I think she's right to suggest (via Ted Nelson)that "we are prisoners of our applications," but I'd like to make a case for the temporal linearity of blogging. I think George put it well when wrote about "writing to the moment" several months ago. I realize that he was writing more about autobiography, but "writing to the moment" (i.e. in a linear medium) can also enable a certain type of thinking that might not be permitted in "writing to a database" (George's narratives about his research in Manchster might be a good example). Certainly blogging allows one to combine both logics to an extent, but I do think that the temporal organization might allow me to see how an idea is developing over time in ways that a database with discrete categories might not. Also by privileging the most recent entries, blogs are useful in emphasizing a blogging researcher's most immediate thoughts. Then again, linearity and discrete posts also produce a segmentation of thinking that is rather artificial.

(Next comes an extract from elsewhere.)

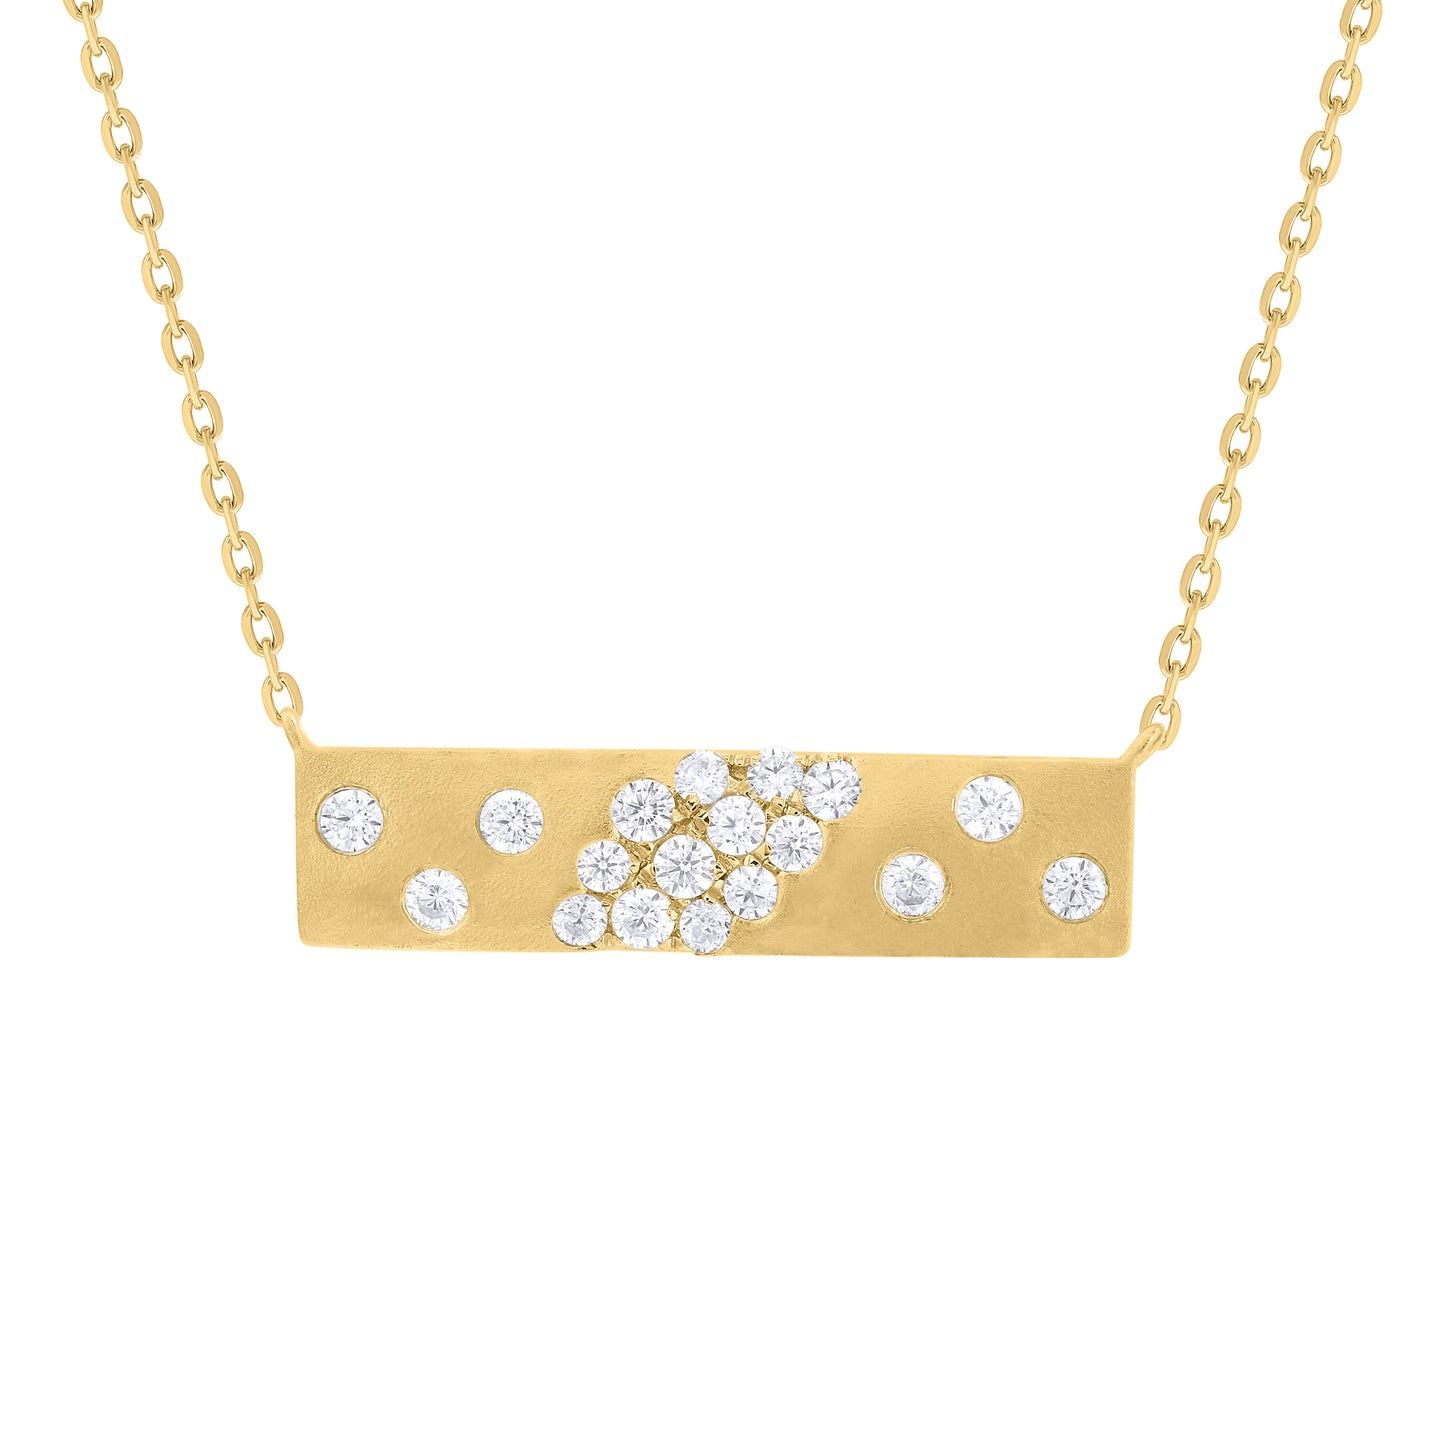 14K Gold Bar Necklace with Diamonds

Given some of these questions, how have other academic bloggers used their blogs for thinking through reesarch ideas? In what ways do you find the temporal linearity of blogs helpful or harmful?

 
After a conversation with S last night, I've been thinking about public/private distinctions within the blogosphere, and it turns out that Adrian Miles and Jenny Weight have been blogging about this topic recently. Jenny Weight comments that she is concerned about using blogs in the classroom because of students' right to privacy. This is certainly a major concern for me, and in the past, I've been hesitant to use blogs or other online discussion forums because I was concerned about a student's comfort level with posting his or her work in public space.

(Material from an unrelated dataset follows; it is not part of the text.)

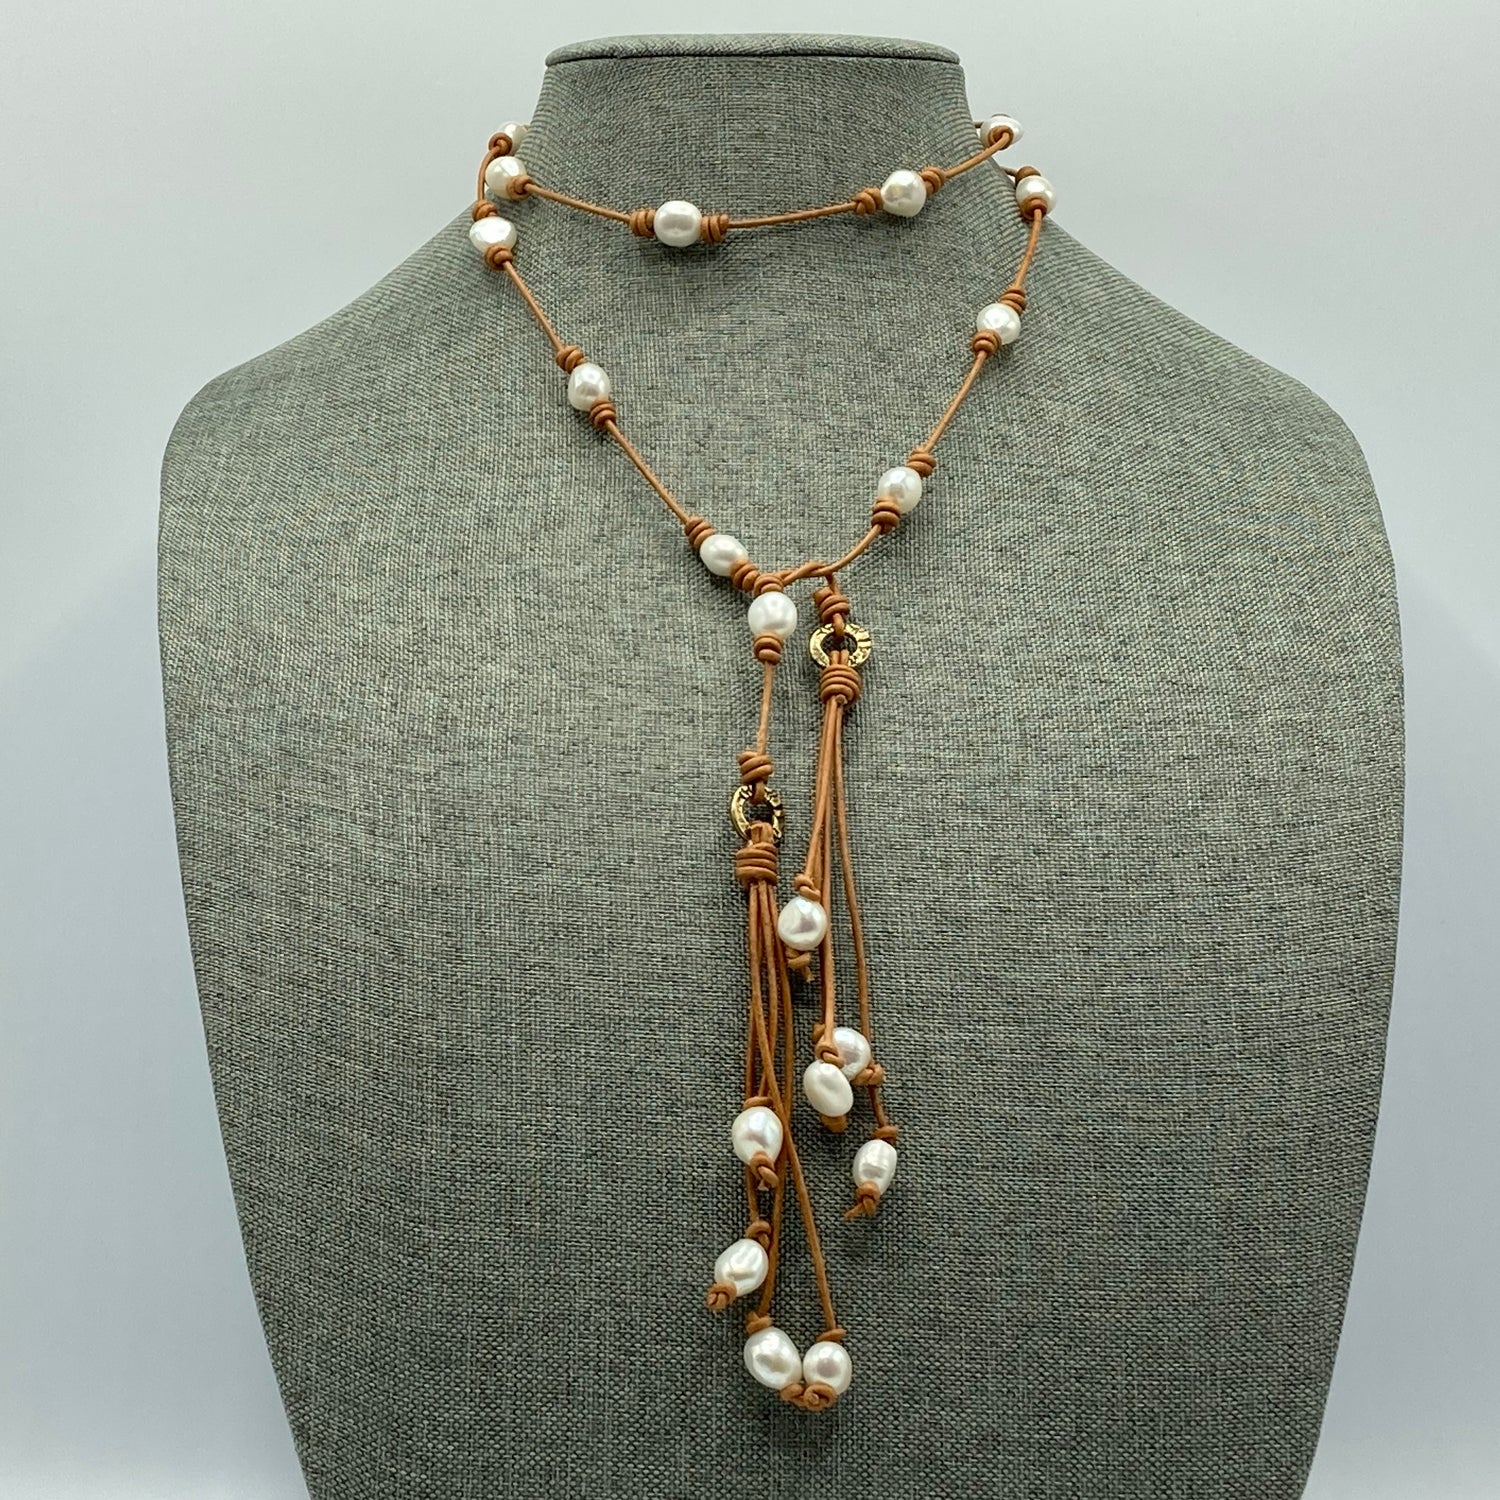 This lariat is made with large hole pearls and 1.5mm leather and can be worn in a variety of lengths.

I'm more inclined to share Adrian's perception that "what constitutes private is up to individual definition." I'm certainly intrigued by the idea of using blogs in helping my students to develop their argument skills, specifically their ability to negotiate the various audiences within the blogosphere. I also like the idea that a blog community can be defined as "an emergent semantic or epistemological community." This notion of emergent community summarzies well the main benefit of blogging that I was trying to describe to S last night.

I've used bulletin boards and listservs, such as Web Crossing, in the past, but this is definitely a much more public forum. George offers some useful advice about how to deploy blogs in the classroom, specifically in terms of a Slashdot discussion. Any suggestions on how to negotiate some of these difficulties would be much appreciated.